Below this line are records; transcribe exactly the lines between the one holding "Alter indischer Hindu" and the one holding "Princess islands. Пляжи", inclusive, and omit the pictures.

# [Exercise material]
####

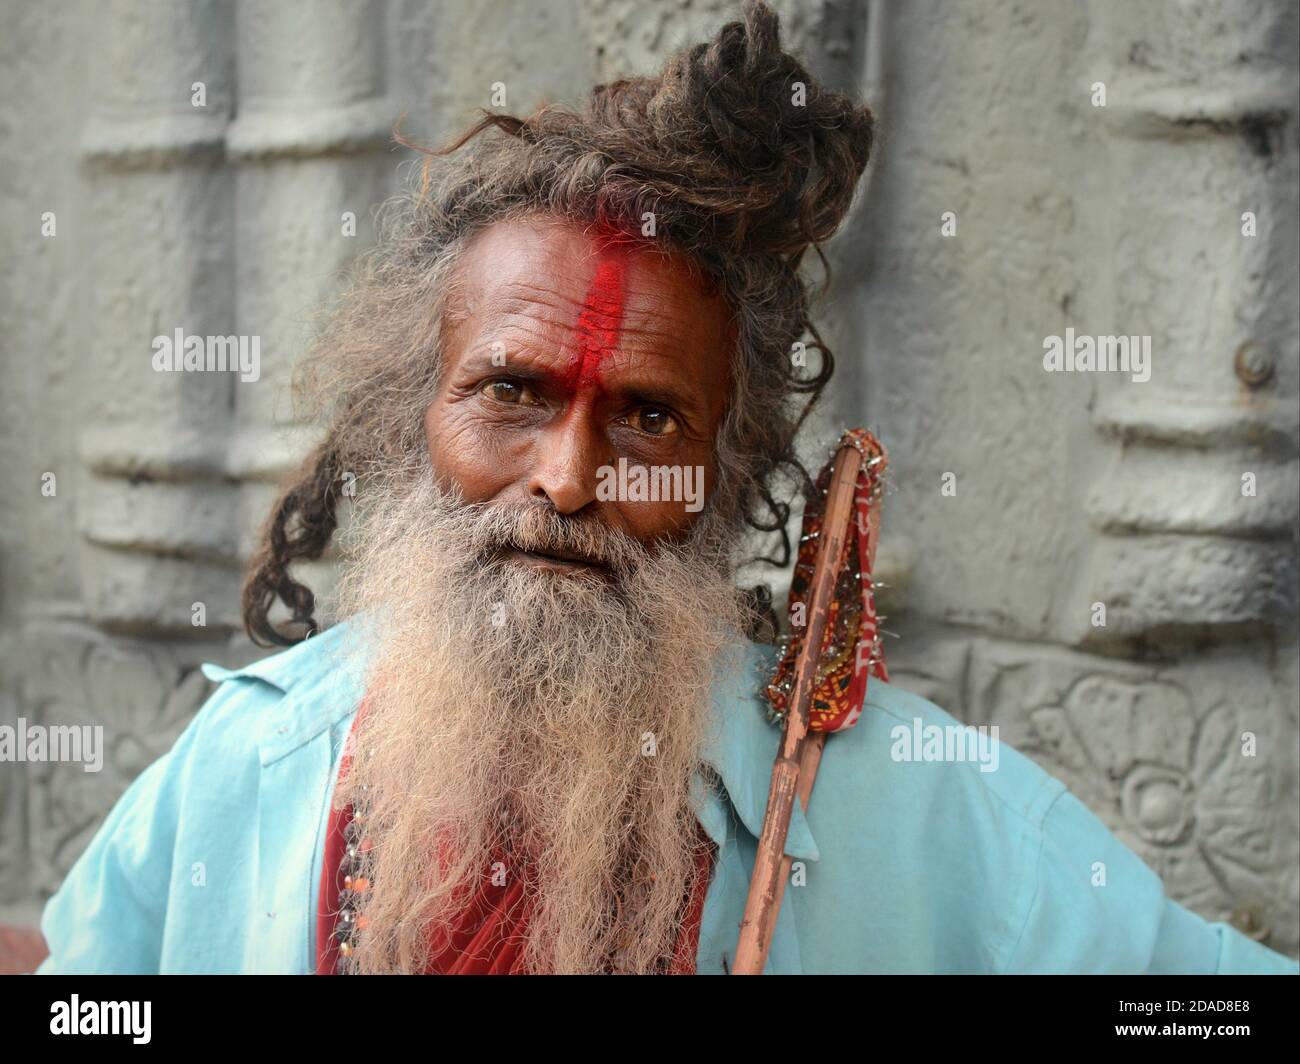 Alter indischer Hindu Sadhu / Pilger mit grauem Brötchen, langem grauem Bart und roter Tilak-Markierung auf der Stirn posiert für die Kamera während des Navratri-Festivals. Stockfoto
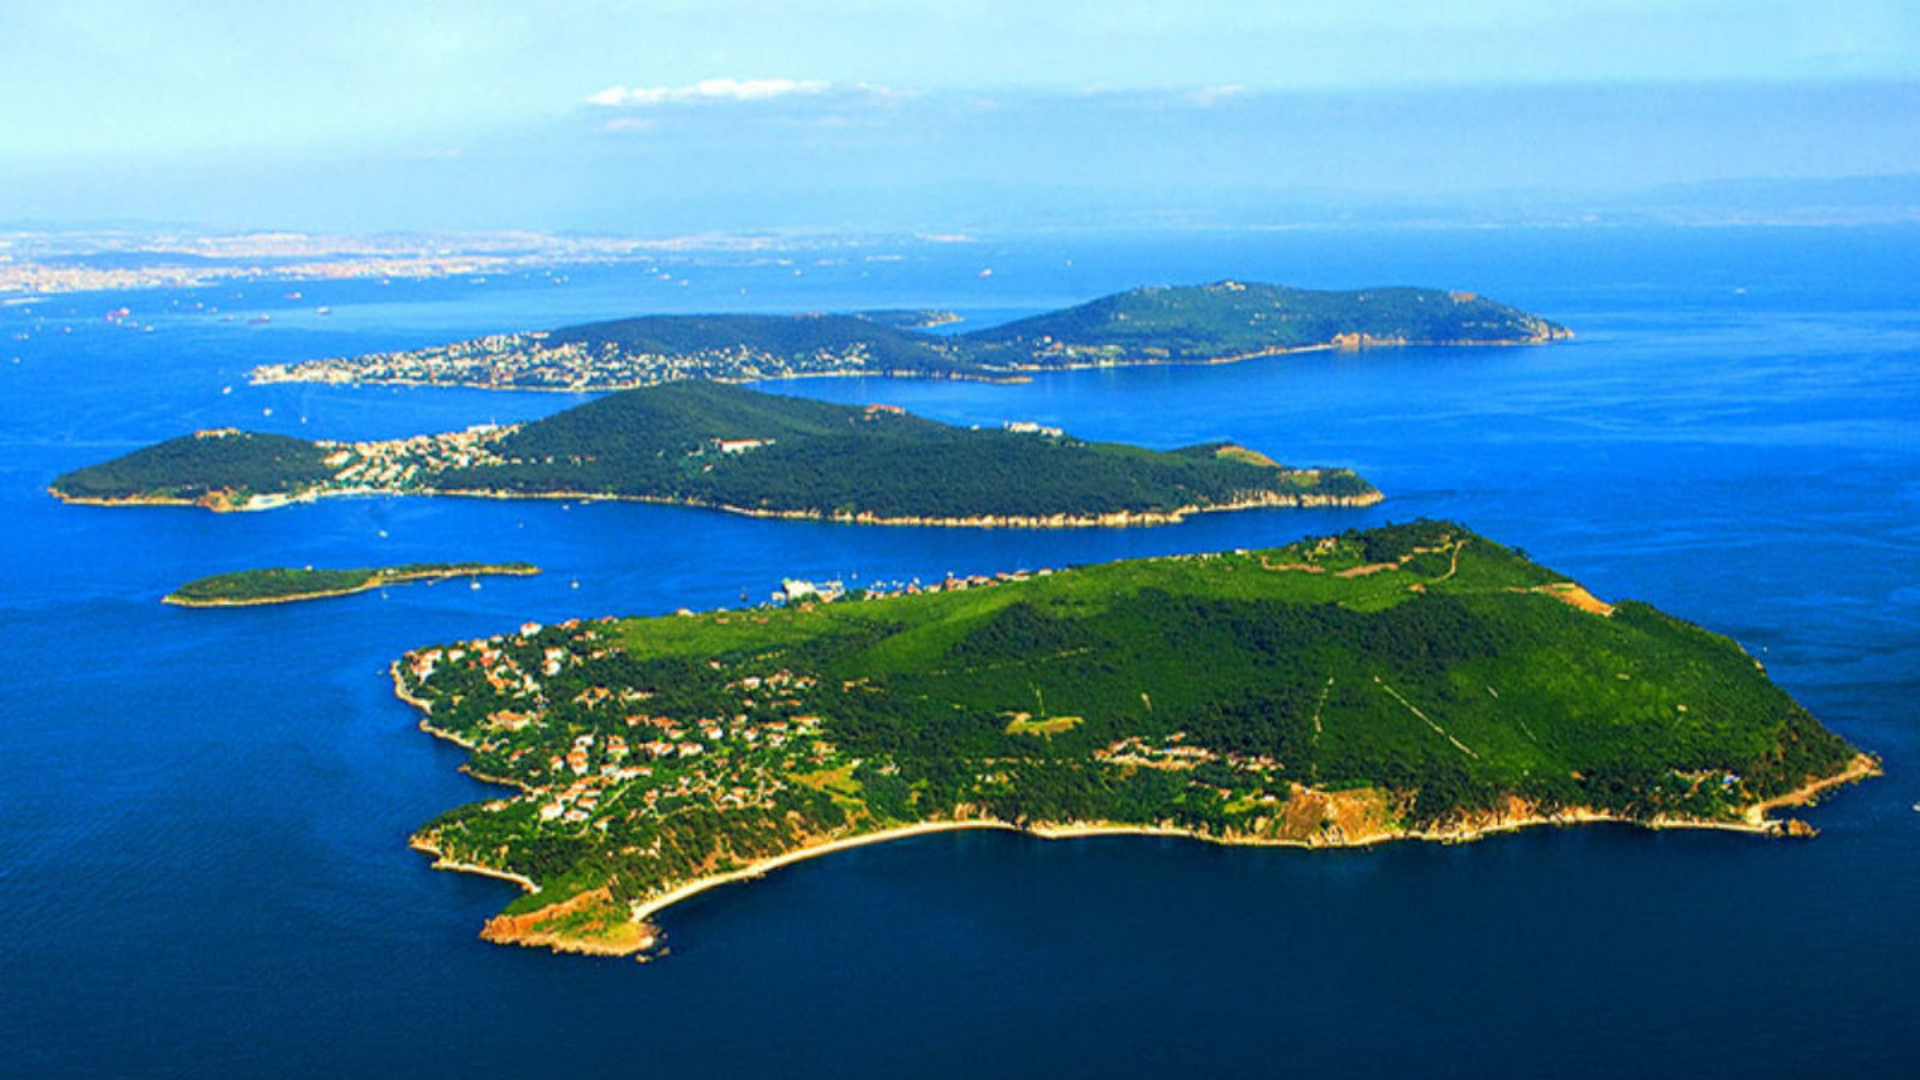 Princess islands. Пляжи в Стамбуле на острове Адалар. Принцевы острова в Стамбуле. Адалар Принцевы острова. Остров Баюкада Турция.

####

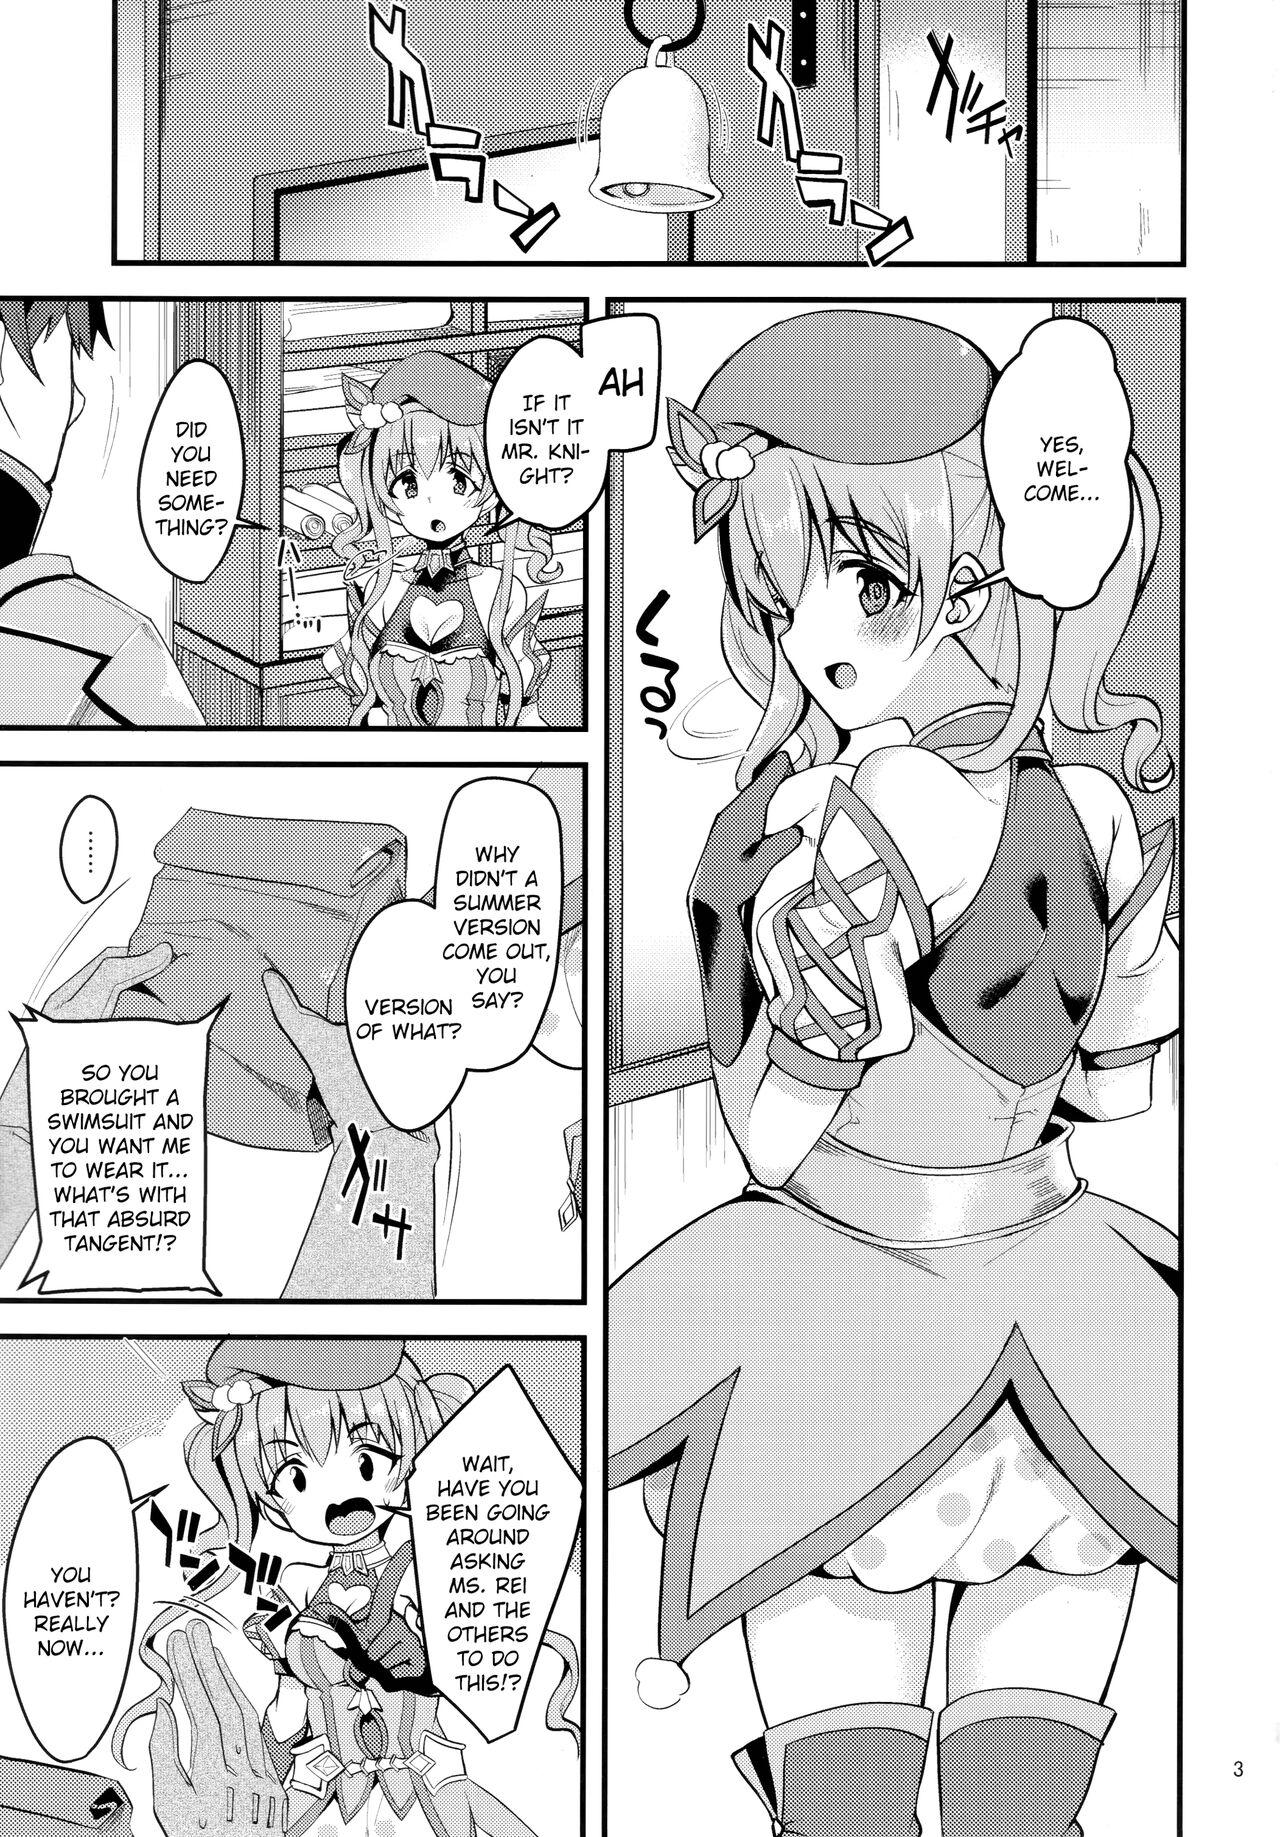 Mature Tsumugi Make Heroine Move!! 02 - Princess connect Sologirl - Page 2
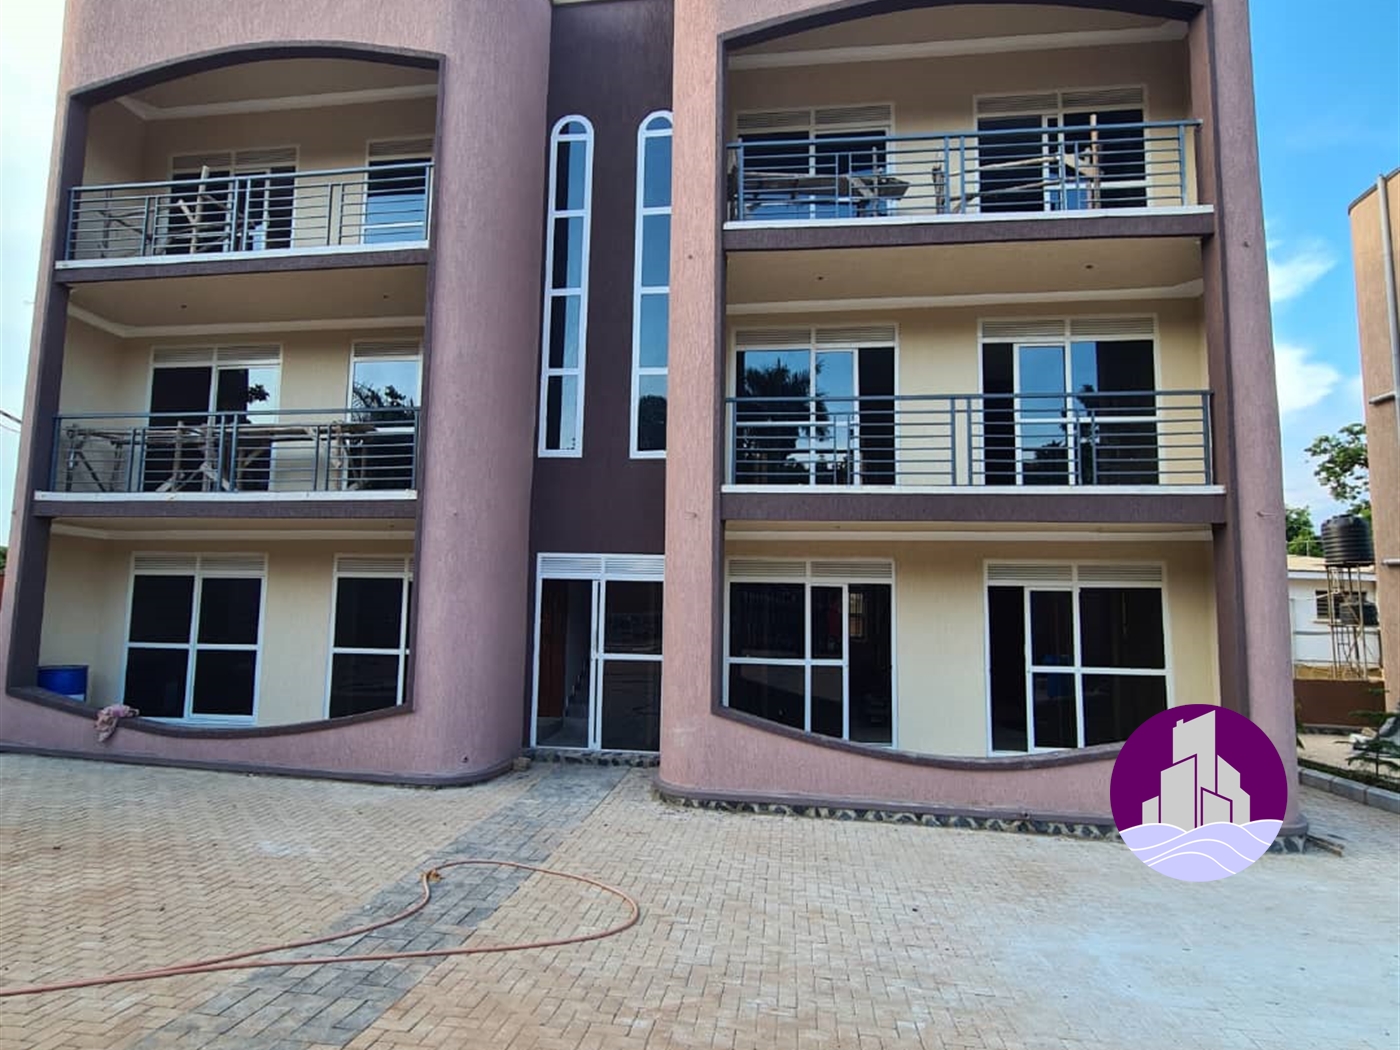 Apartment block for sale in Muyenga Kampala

####

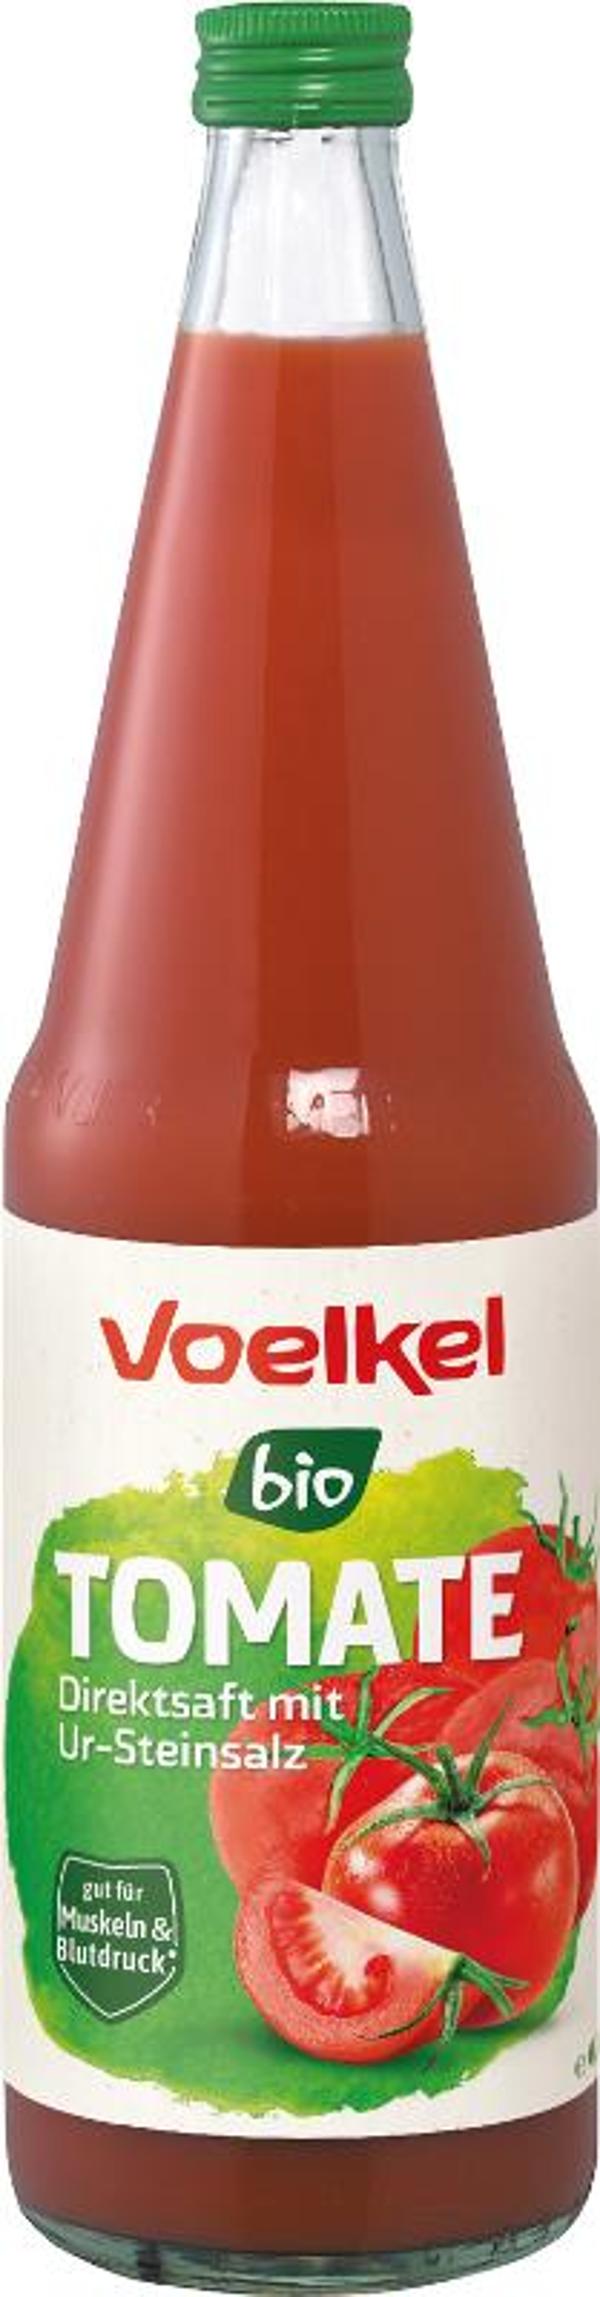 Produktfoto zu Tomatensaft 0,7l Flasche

####

# [Response below]
 Alter indischer Hindu Sadhu / Pilger mit grauem Brötchen, langem grauem Bart und roter Tilak-Markierung auf der Stirn posiert für die Kamera während des Navratri-Festivals. Stockfoto
 Princess islands. Пляжи в Стамбуле на острове Адалар. Принцевы острова в Стамбуле. Адалар Принцевы острова. Остров Баюкада Турция.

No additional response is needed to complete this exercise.